How many to a ... 5-seat table? ... 2-seat table? ... 20-seat table?
18 biscuits at a 9-seat table.
How many to a ... 3-seat table? ... 6-seat table? ... 18-seat table?
Using Number Properties
Increase the size of numbers involved in the problems so that the students need to
use number properties rather than imaging. First examples should involve taking a
diffi cult division and gradually working through progressively simpler problems
that have the same answer.
For example:
208 ÷ 8 = ? as 104 ÷ 4 = ? as 52 ÷ 2 = ?
216 ÷ 12 = ? as 108 ÷ 6 = ? as 54 ÷ 3 = ?
Other problems might be:
484 ÷ 22 = ? as 242 ÷ 11 = ? (? = 22)
140 ÷ 28 = ? as 70 ÷ 14 = ? as 35 ÷ 7 = ?

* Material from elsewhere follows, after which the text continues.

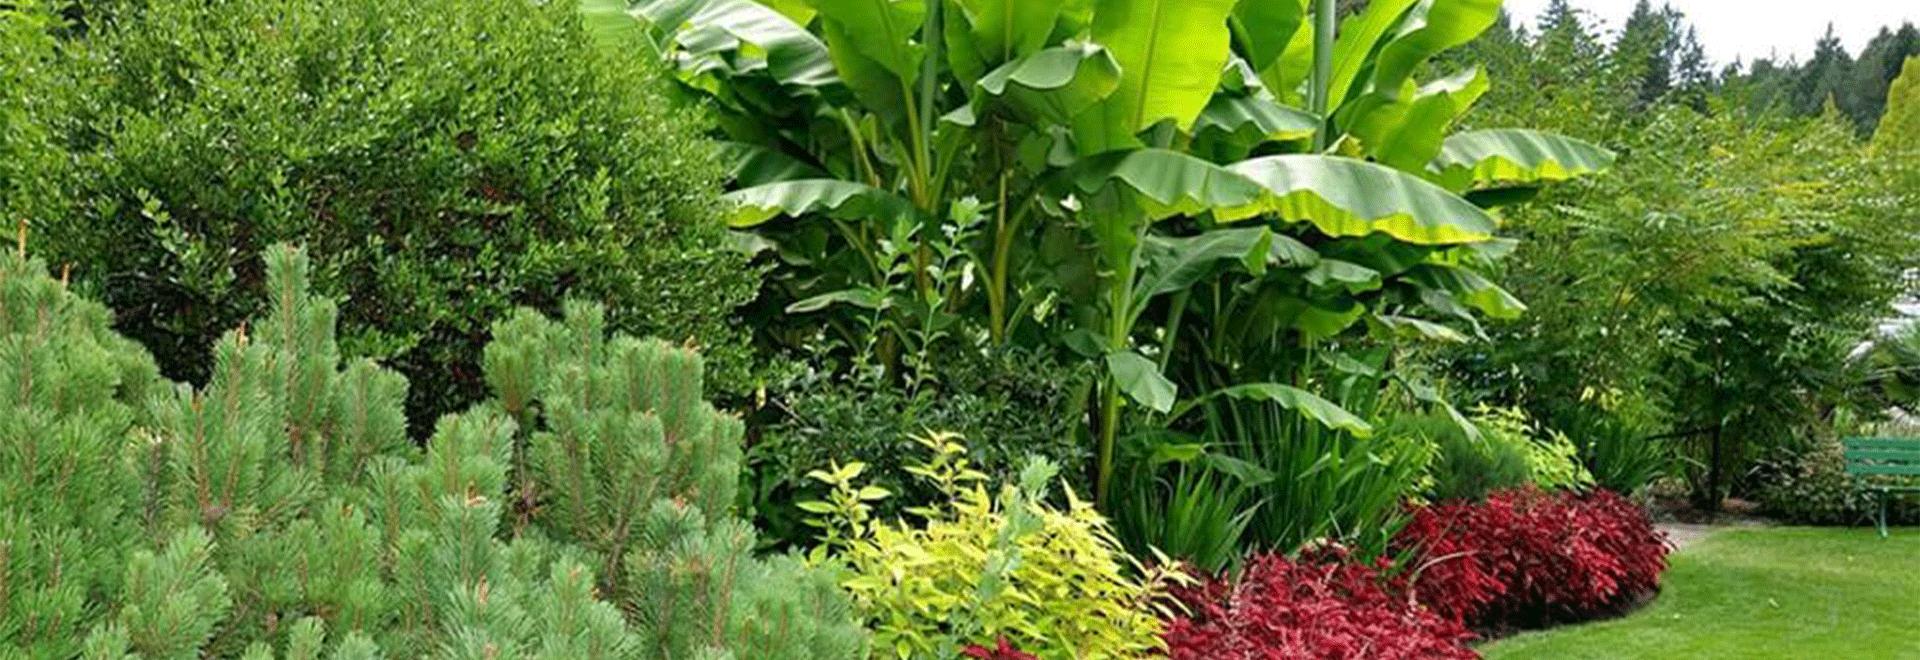 bitki-haklari65-10.png

368 ÷ 16 = ? as 184 ÷ 8 = ? as 92 ÷ 4 = ? as 46 ÷ 2 = ?
390 ÷ 15 = ? as 130 ÷ 5 = ? as 260 ÷ 10 = ?
408 ÷ 24 = ? as 204 ÷ 12 = ? as 102 ÷ 6 = ? as 51 ÷ 3 = ?
324 ÷ 27 = ? as 108 ÷ 9 = ? as 36 ÷ 3 = ?
Independent Activity
To reinforce using a variety of mental division strategies, students should play
Divided Loyalties (Material Master 6-8).